* **Work to complete**: Below are the records; copy exactly the stretch from the line containing "El Rancho Vista" through the line containing "Lot 480 - Coleccion", both ends included, and nothing else.

* **Information given**:
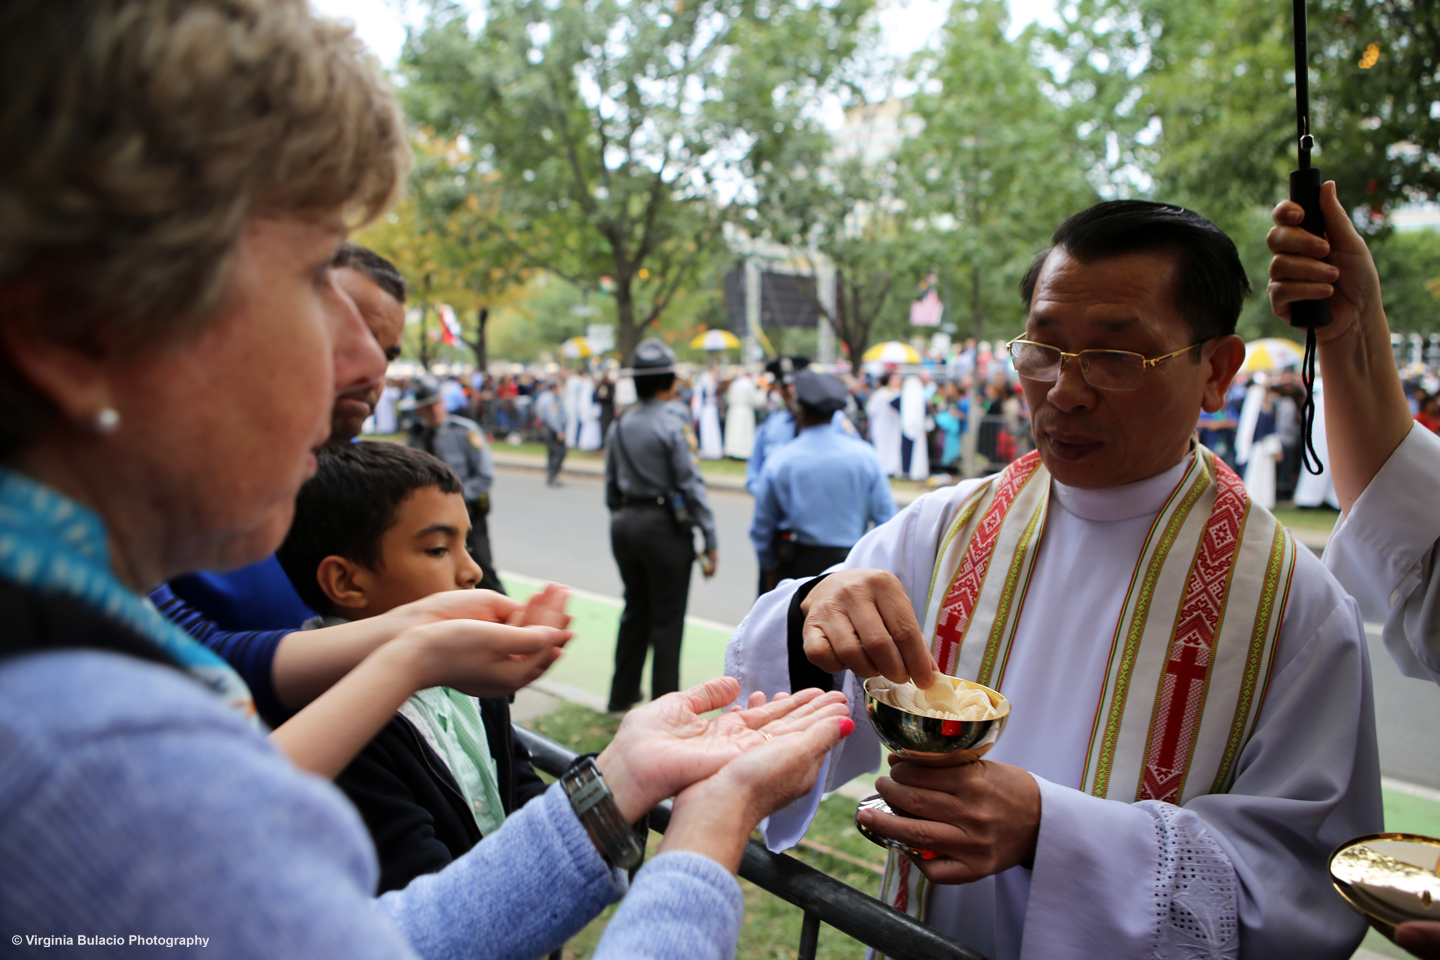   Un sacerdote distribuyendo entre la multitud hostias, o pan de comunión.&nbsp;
--
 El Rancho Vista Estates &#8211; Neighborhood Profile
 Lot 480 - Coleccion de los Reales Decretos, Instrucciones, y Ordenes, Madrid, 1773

* **Worked solution**:
 El Rancho Vista Estates &#8211; Neighborhood Profile
 Lot 480 - Coleccion de los Reales Decretos, Instrucciones, y Ordenes, Madrid, 1773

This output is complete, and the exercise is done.